Wie auch schon das bekannte Sprichwort sagt, „Wo gehobelt wird, fallen Späne". Wer jeden Tag acht Stunden und länger an seinem Schreibtisch sitzt und arbeitet, hinterlässt zwangsläufig Spuren. Ob beim Radieren, lochen oder heften, Schmutz und Müll bilden sich in den meisten Arbeitssituationen. Außerdem ist es bei täglichem Stress und Hektik manchmal nicht so einfach, dem Chaos Herr zu werden.
Dabei sollte die tägliche Büroreinigung, wie sie beispielsweise von der A&G Gebaeudereinigung vorgenommen wird, und die Ordnung am Arbeitsplatz doch weit oben auf der Prioritätenliste stehen. Nicht nur durch die Reinigungskraft, die im Übrigen in den meisten Büros keine Schreibtische aufräumen darf, sondern auch durch den Arbeiter selbst, sollte dies erfolgen. Denn ein sauberes und ordentliches Büro hilft dabei, den Überblick zu behalten – und sorgt auch für einen guten Eindruck bei Kunden. Kein Besucher möchte ein Büro betreten, in dem sich Berge von Papieren stapeln, Essensreste von der Mittagspause liegen oder leere Kartons im Weg herum stehen. Und auch der Chef wird froh darüber sein, wenn die Geschäftsräume ein gutes Aushängeschild sind und kein übel riechender Geruch in der Luft liegt.
Außerdem ist die Voraussetzung für die Verbreitung von Bakterien und Keimen besonders dort gegeben, wo sich viele Menschen aufhalten - in einigen Unternehmen teilen sich teilweise über 20 Menschen ein Großraumbüro; und ein paar Mal am Tag das Büro zu lüften reicht leider nicht aus.

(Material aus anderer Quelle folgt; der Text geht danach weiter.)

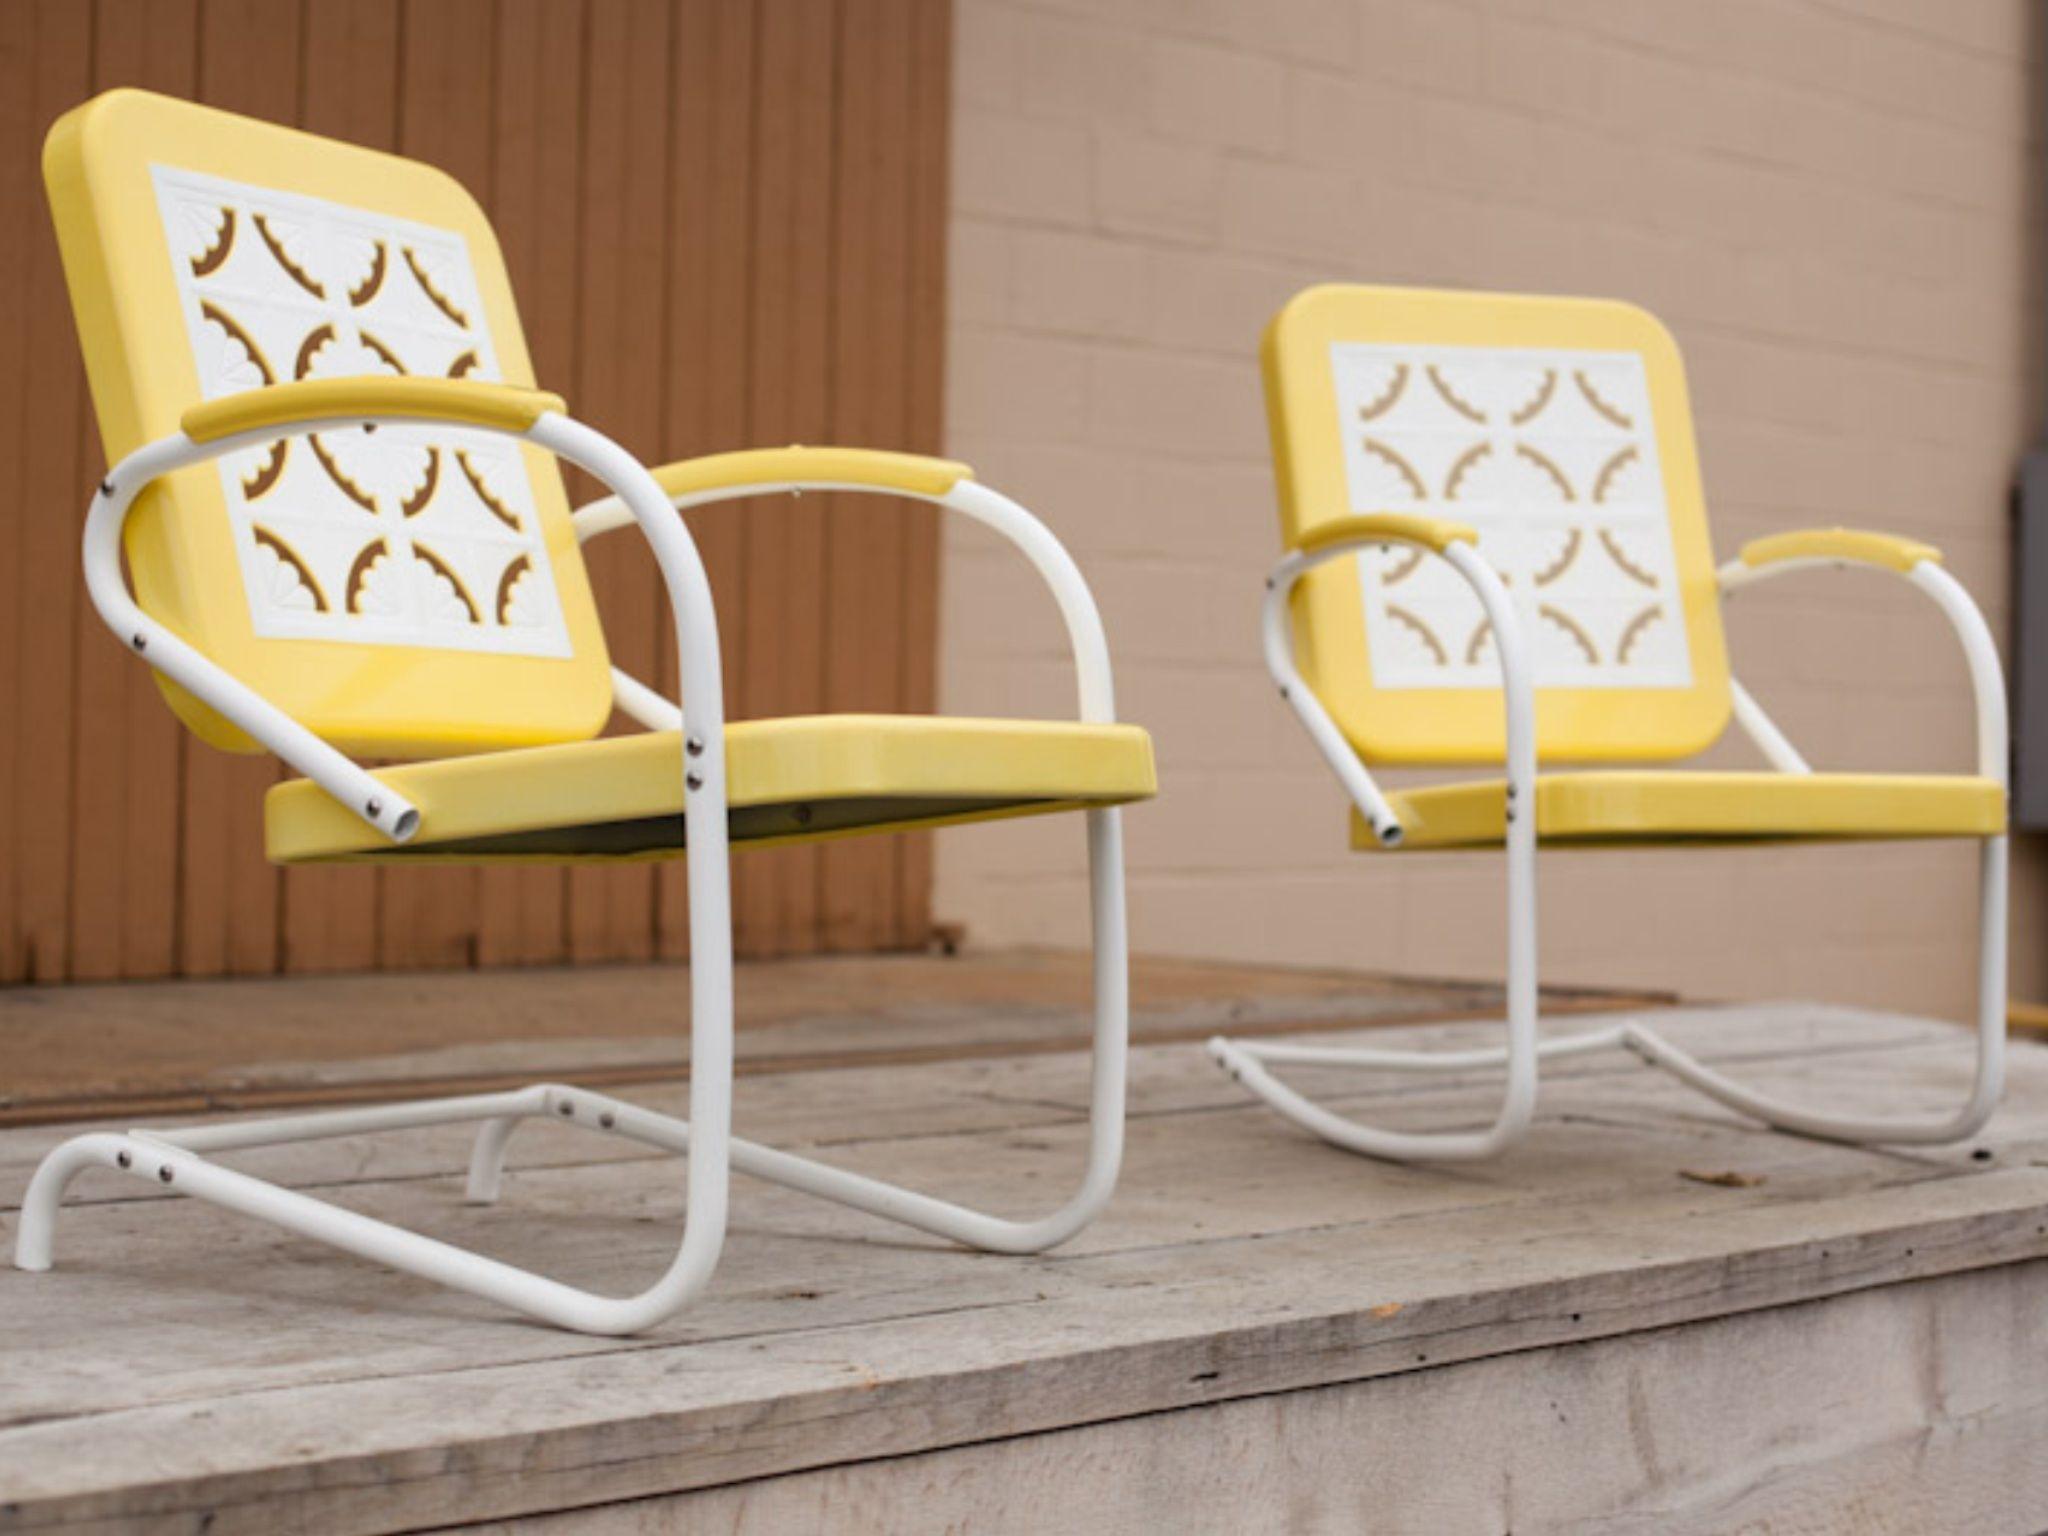 Chairs Vintage Gliders & Metal

Dabei können einfache Tipps und Tricks dafür sorgen, dass der Arbeitsplatz sauber ist und bleibt. Eine bekannte Methode ist die der 5S. Dabei handelt es sich um fünf Schritte, die zu Sauberkeit und Ordnung führen, angefangen mit dem Aussortieren: Alle Dinge, die am Arbeitsplatz nicht benötigt werden, gehören zum Beispiel in den Schrank oder ins Schubfach. Der Schreibtisch ist nunmehr aufgeräumt und übersichtlich. Dies spart außerdem Zeit beim Suchen. Im zweiten Schritt, dem Systematisieren, bekommt jeder Gegenstand seinen festen Platz, also alles, was griffbereit sein muss. Der Kugelschreiber gehört in den Köcher und die Akten in einen Aktenschrank. Der Arbeitsplatz wird so sinnvoll eingerichtet und Dinge können schneller gefunden und genutzt werden. Als Nächstes heißt es: Saubermachen. Alles wird gereinigt und von Schmutz befreit. Dabei sollten auch Geräte kontrolliert werden. Hat der Drucker genug Papier? Muss der Toner mal wieder ausgetauscht werden? Anschließend wird standardisiert, das heißt, dass Beschriftungen oder Kennzeichnungen angebracht werden, auch für andere Mitarbeiter, so weiß jeder, wo etwas hingehört. Im letzten Schritt wird Selbstdisziplin geübt. Wird alles so eingehalten? Kann etwas verbessert werden? Die 5S-Methode ist kein Projekt, sondern vielmehr ein Ordnungssystem, das jederzeit angewendet werden sollte. Mit dieser Methode wird die Büroreinigung zum Kinderspiel und dem Chaos wird der Kampf angesagt.